The second power line may overlap the boundary of the logic cell, and the separation areas of the second conductive line may be alternately positioned at a lower side and an upper side based on the second power line to be disposed in a zigzag form.

A width of the second power line may be substantially the same as that of the third conductive line.

A disposition form of the separation areas of the second conductive line adjacent to the upper edge of the logic cell and a disposition form of the separation areas of the second conductive line adjacent to the lower edge of the logic cell may be substantially the same.

The number of first hit points overlapping the second conductive line positioned at a first column may be substantially the same as the number of first hit points overlapping the second conductive line positioned at a second column, and the number of second hit points overlapping the second conductive line positioned at the first column may be substantially the same as the number of second hit points overlapping the second conductive line positioned at the second column.

Within one logic cell, each of the plurality of second conductive lines may overlap five first conductive lines and five third conductive lines, and each of the plurality of second conductive lines may overlap four first hit points and four second hit points.

A disposition form of the separation areas of the second conductive line adjacent to the upper edge of the logic cell and a disposition form of the separation areas of the second conductive line adjacent to the lower edge of the logic cell may be symmetrical to each other.

The number of first hit points overlapping the second conductive line positioned at a first column may be different from the number of first hit points overlapping the second conductive line positioned at a second column, and the number of second hit points overlapping the second conductive line positioned at the first column may be different from the number of second hit points overlapping the second conductive line positioned at the second column.

Within one logic cell, each of the plurality of second conductive lines may overlap five first conductive lines and five third conductive lines, some of the plurality of second conductive lines may overlap three first hit points and three second hit points, and the remainder of the plurality of second conductive lines may overlap five first hit points and five second hit points.

The first power line may be positioned at upper and lower sides based on the boundary of the logic cell, respectively; the separation areas of the second conductive line may alternately overlap the first power line positioned at the lower side of the boundary of the logic cell and the first power line positioned at the upper side of the boundary of the logic cell to be disposed in a zigzag shape; the second power line may be positioned at upper and lower sides based on the boundary of the logic cell, respectively; and the separation areas of the second conductive line may alternately overlap the second power line disposed under the boundary of the logic cell and the second power line disposed on the boundary of the logic cell to be disposed in a zigzag shape.

The second conductive line may be formed as a single wire connected along the second direction, and then an additional process may be performed to remove at least a portion of the second conductive line, so that the separation area may be formed.

In the forming of the second conductive line, the second conductive lines disposed on an imaginary line extending along the second direction may be formed to be separated from each other.

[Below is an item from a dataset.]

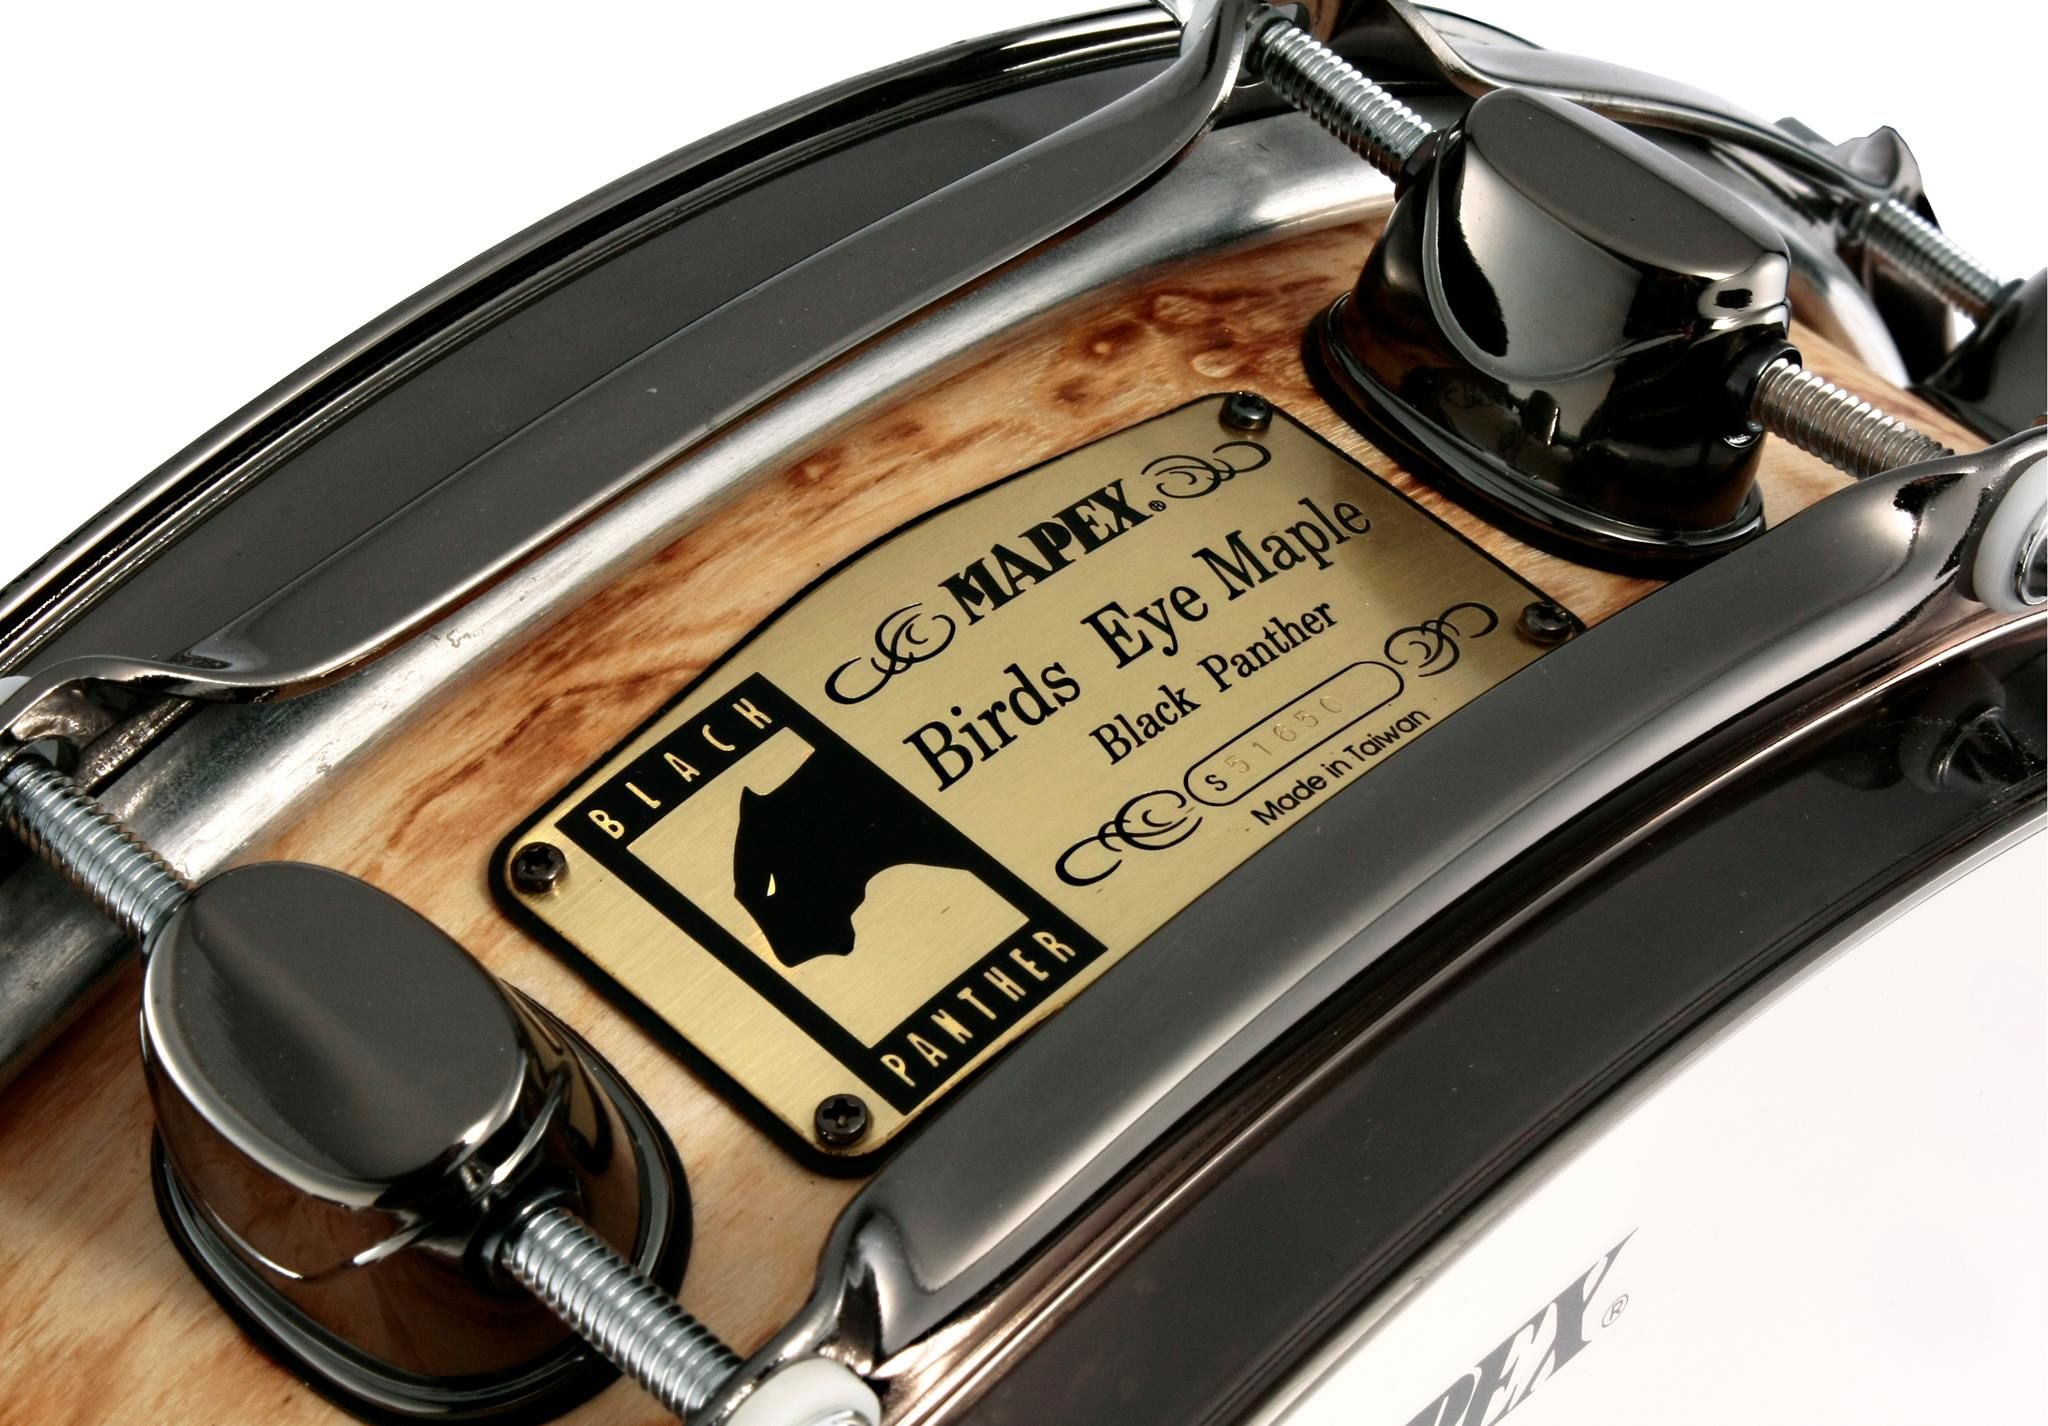 14 x 3.5 Bird's Eye Piccolo Snare Burned Charcoal Burst Japan Only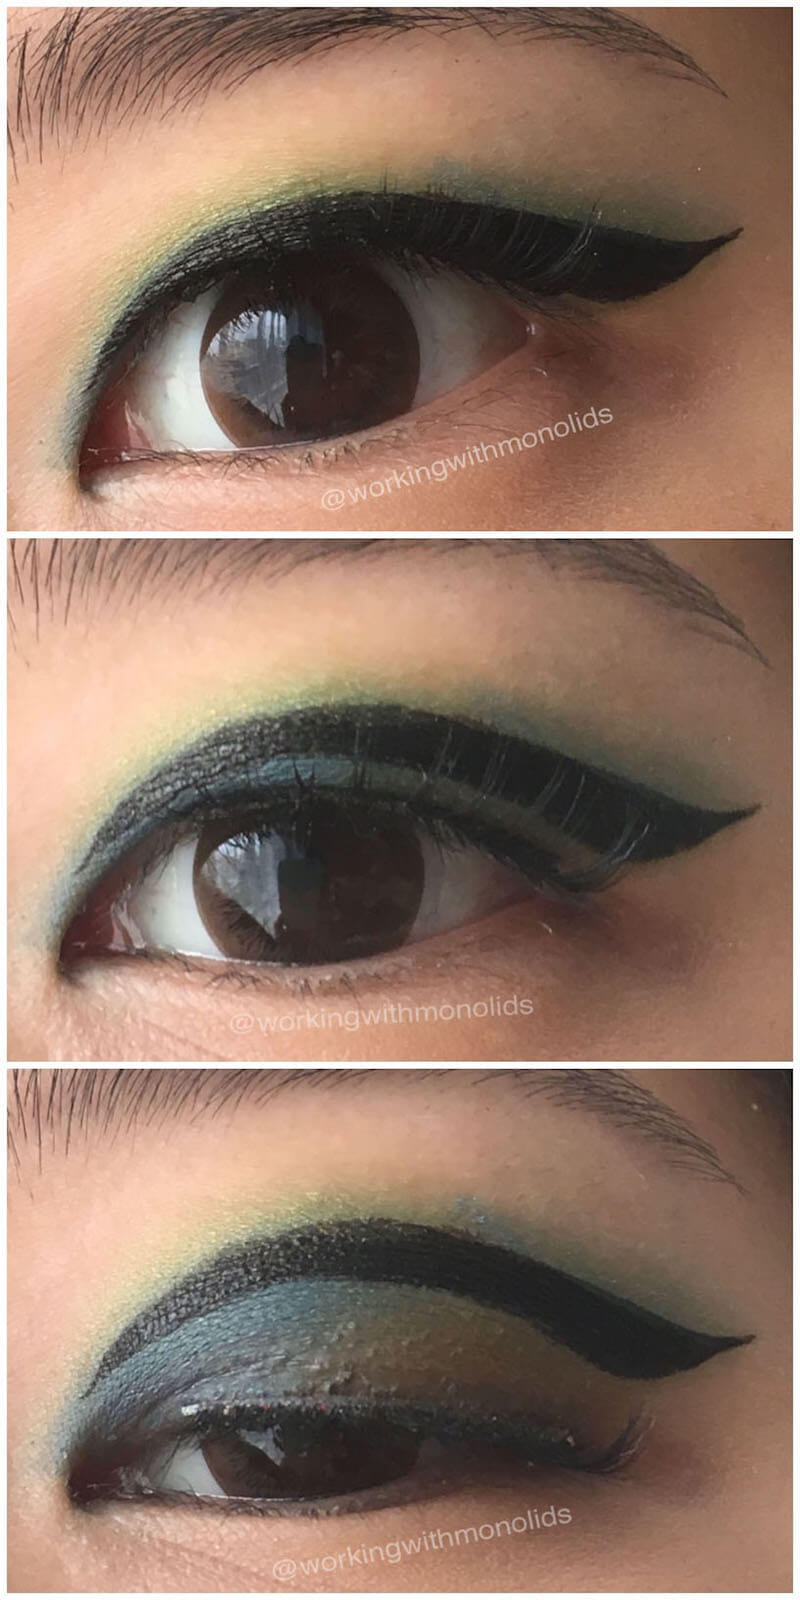 A colorful, creative eye look for monolids that demonstrates the placement of eyeliner and eyeshadow.

Another embodiment provides a semiconductor device including: a plurality of logic cells, wherein each of the plurality of logic cell includes a plurality of first conductive lines and a plurality of first power lines, a plurality of second conductive lines disposed on the plurality of first conductive lines and the plurality of first power lines, and a plurality of third conductive lines and a plurality of second power lines disposed on the plurality of second conductive lines; the first conductive line, the first power line, the third conductive line, and the second power line extend in a first direction; the second conductive line extends in a second direction crossing the first direction; the second conductive line includes a separation area disposed adjacent to a boundary of the logic cell; the separation areas of the second conductive line are alternately positioned at a lower side and an upper side based on the boundary of the logic cell to be disposed in a zigzag form; and points at which the second conductive lines and the third conductive lines overlap have second hit points to which the second conductive lines and the third conductive lines are able to be connected, except for a point adjacent to the separation area of the second conductive line.

A disposition form of the separation areas of the second conductive line adjacent to the upper edge of the logic cell and a disposition form of the separation areas of the second conductive line adjacent to the lower edge of the logic cell may be substantially the same or symmetrical.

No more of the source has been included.